# Any info on Royal Rex



## liv_w98 (13 April 2015)

Hello,
I have a 17hh bay warmblood he is passported Royal Rex and was born in Wales and he is 10 in May. He is out of Ramexico and did live with a lady I think in Bedfordshire, but we brought him from a dealer. 
He has apparently showjumped with a 1.15m double clears but we know nothing else!
Does anyone know him and anything about his past, he is lovely but has a bit of attitude when ridden so any info on him or his past would be really appreciated. 
He seems to not be as good with men and doesn't let you carry a short whip when jumping? We just would like as much background information as possible! 

Thank You!


----------



## Irish mist (20 July 2015)

Hi 

I know Rex very well!! He was owned by my sister in law from aged 6 until last summer!! Yes in Bedfordshire!! No to jumping! He can do it but not willingly!! He was dressage in the main but again not willing!! He competed British dressage at prelim and did quite well at area festivals... He did Windsor sponsored ride a couple of years ago! He is a lovely boy but not forward going!! He was bred in Wales and sold through a producer in beds... Who did you get him off of in the end?? Where abouts is he? My sister in law will be pleased he has a good home!!


----------



## liv_w98 (21 July 2015)

Oh my goodness can't believe I found someone with so much info! My friend brought him but wasn't able to ride so I had him and he's now with another lady on our yard! We brought him off john winnet and he's in old Welwyn Hertfordshire doing very well! Got 64% in his first test! He is treated like a prince we all adorable him! We could tell he wasn't a jumper at heart so he's mainly done flatwork with us and some hacking. Yes he is quite lazy! Still like that! But has the heart of gold my sister who's 11 has handled him!  If I check with the owner I'm sure we could send you some pictures of how he is if your sister in law would like!?


----------



## Irish mist (21 July 2015)

Oh Fliss (my sis in law) will be so pleased to know he found a good home! He wasn't for her after having her second child so decided to sell him to Patrick a friend of john's... We know John really well... We're only down the road from where johns yard was.

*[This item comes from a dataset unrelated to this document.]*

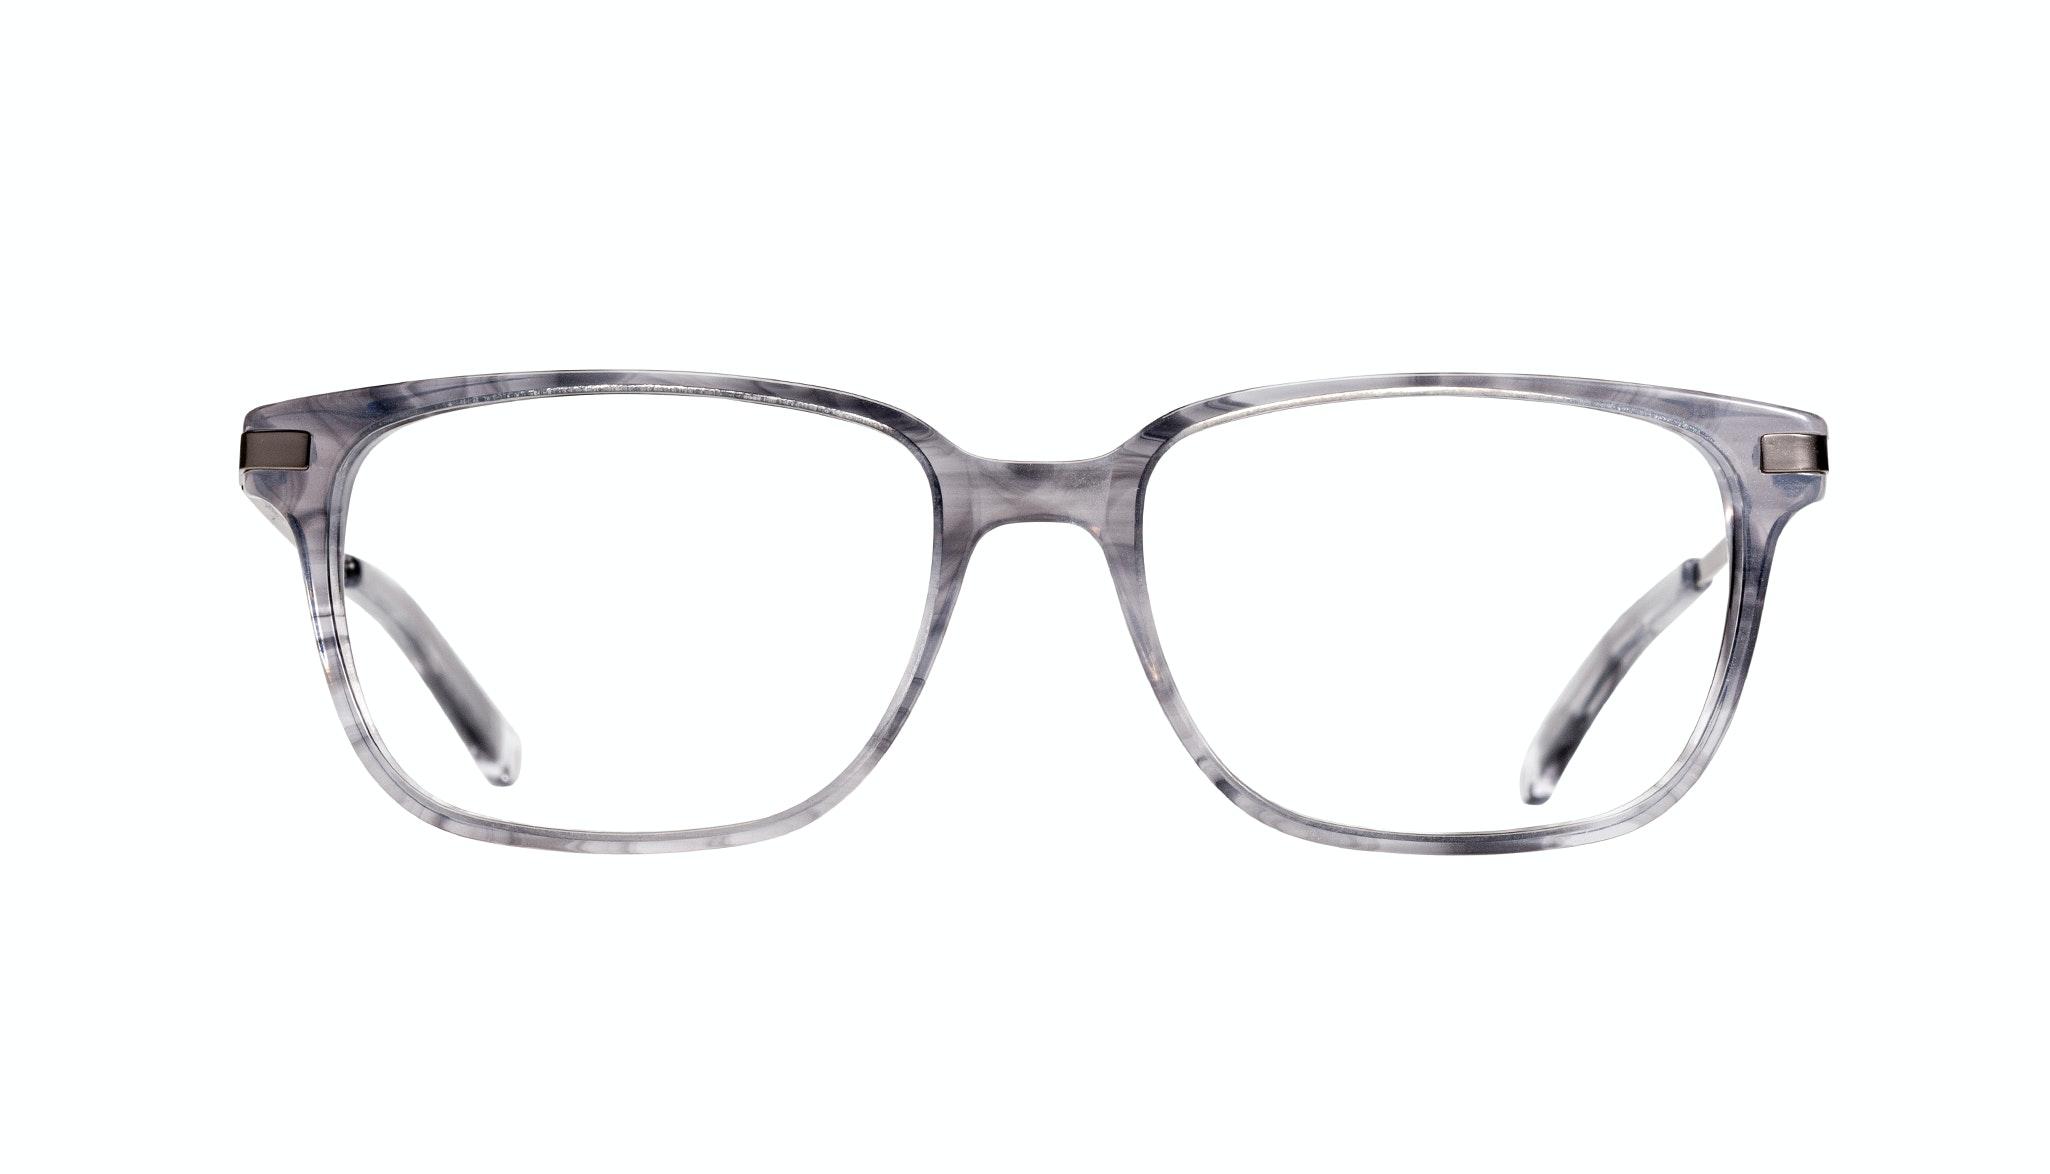 Affordable Fashion Glasses Rectangle Eyeglasses Men Trade Smokey Grey Front
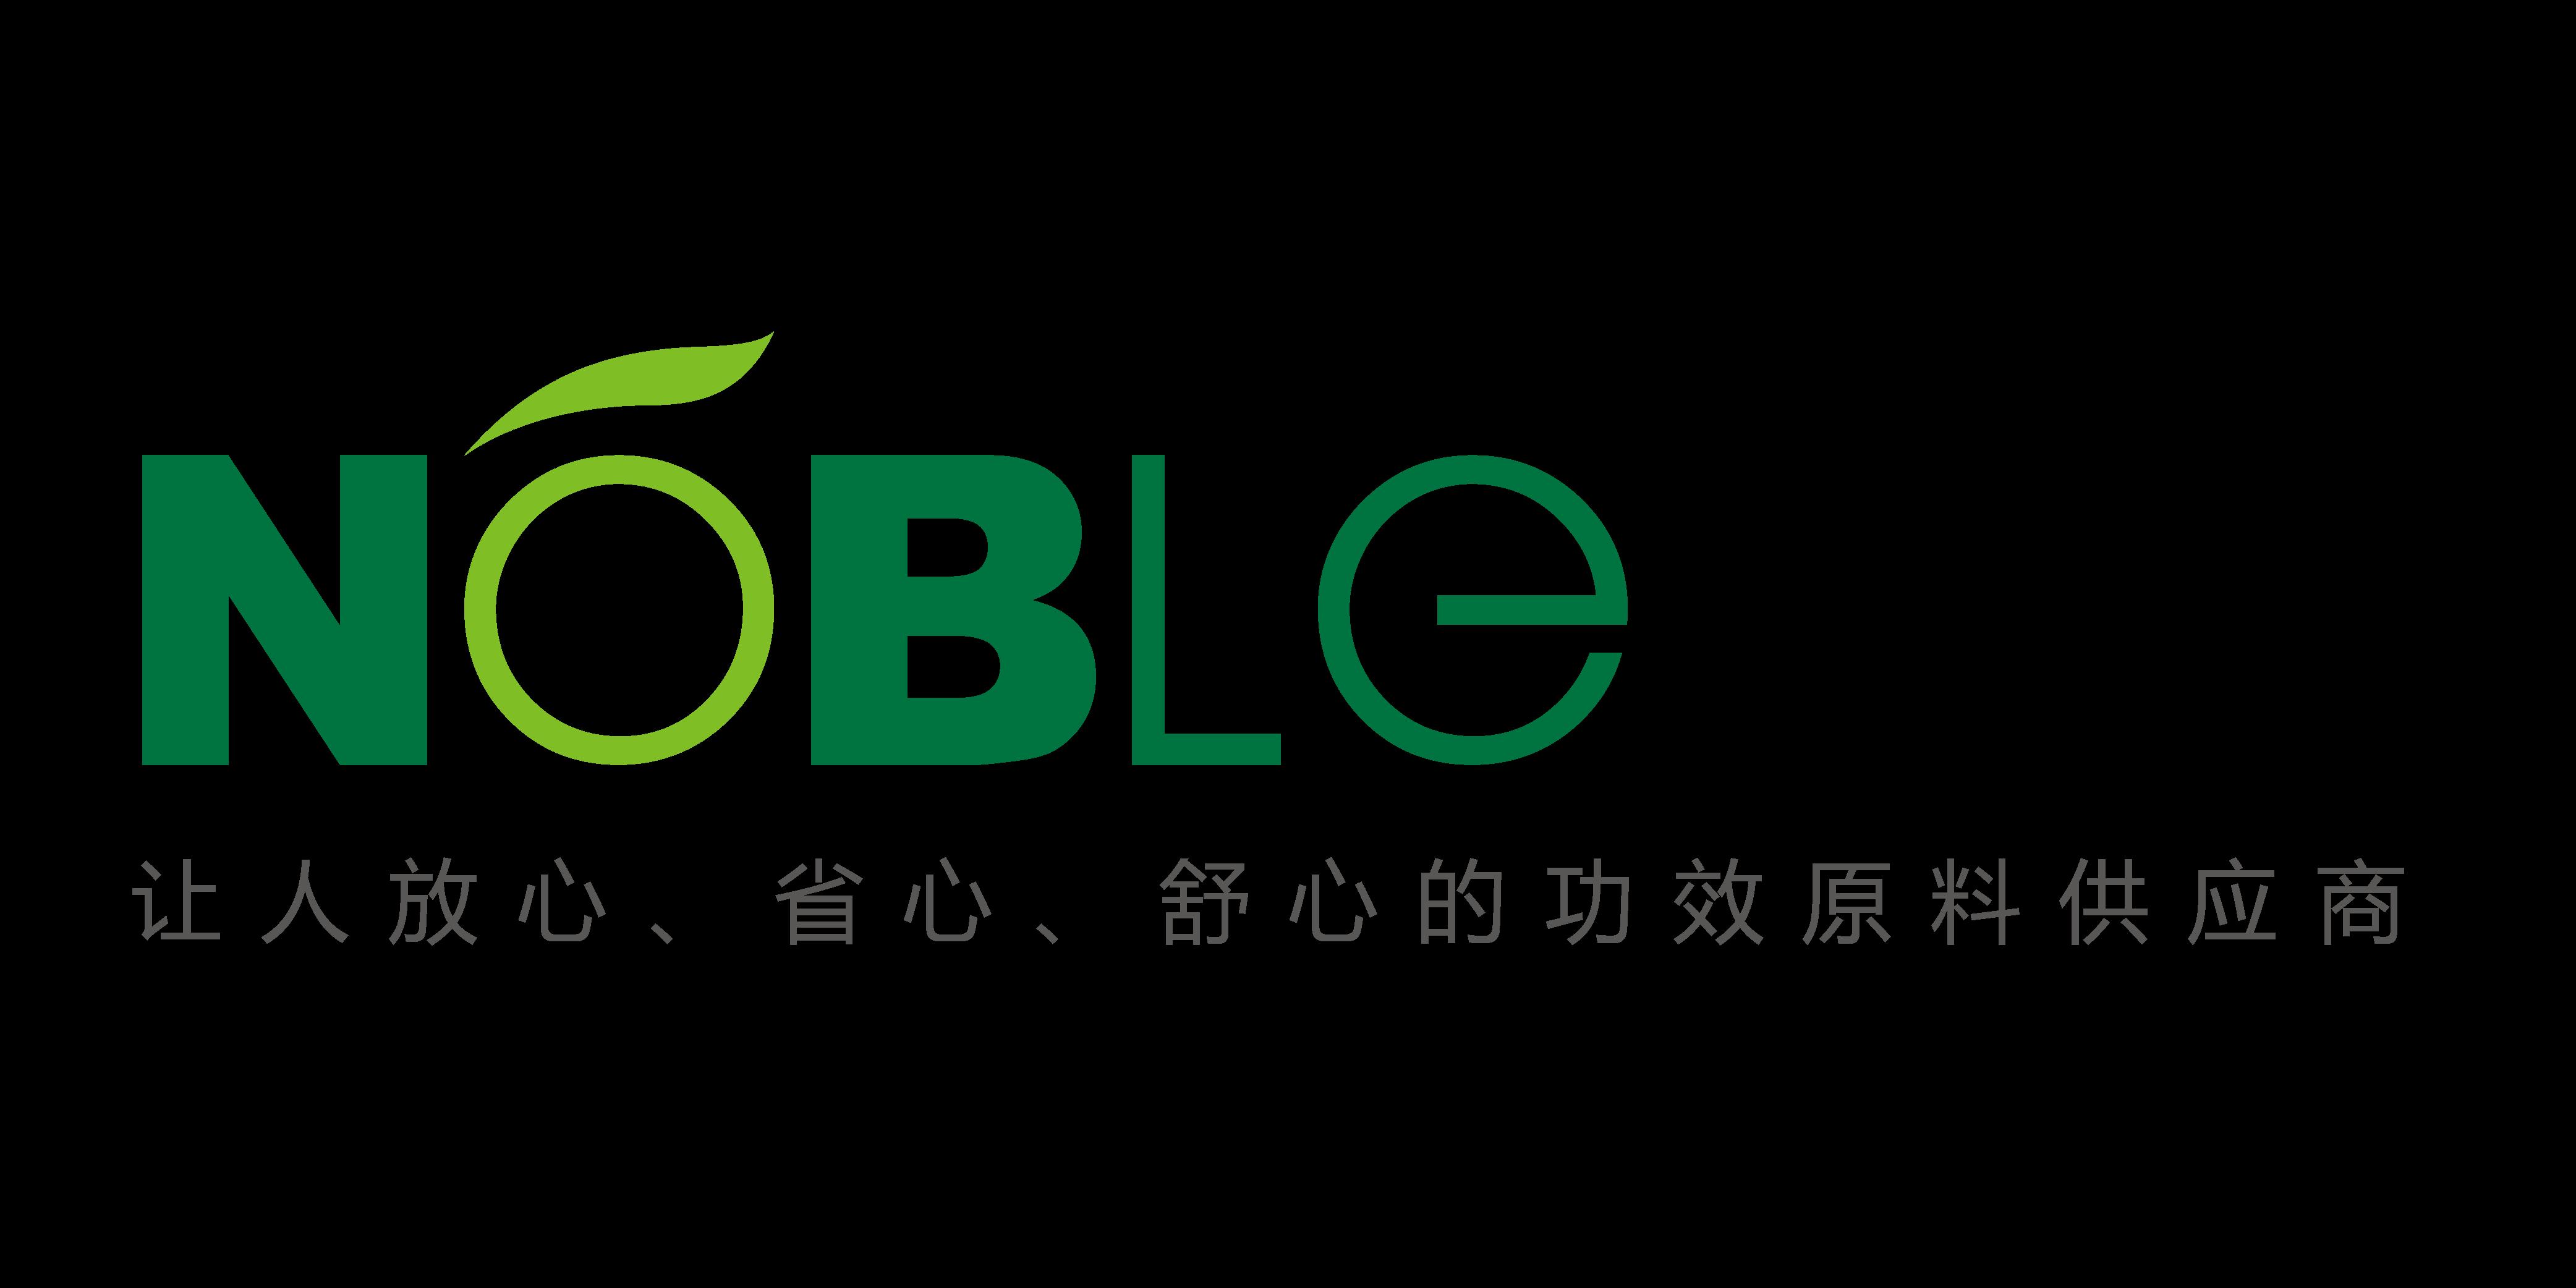 http://manual.pchi-china.com/highset/file/view/201852970185265154

He was my boys best bud in the field, not nasty or anything, just not quick enough off the leg for Fliss... Got tons of pics!!! We would love some pics!!! X


----------



## Irish mist (21 July 2015)

My email address is beccydavison@hotmail.com or find Beccy Davison on face book!!! I'm riding a grey horse in profile pic...


----------



## liv_w98 (24 July 2015)

Messaged you on FB!


----------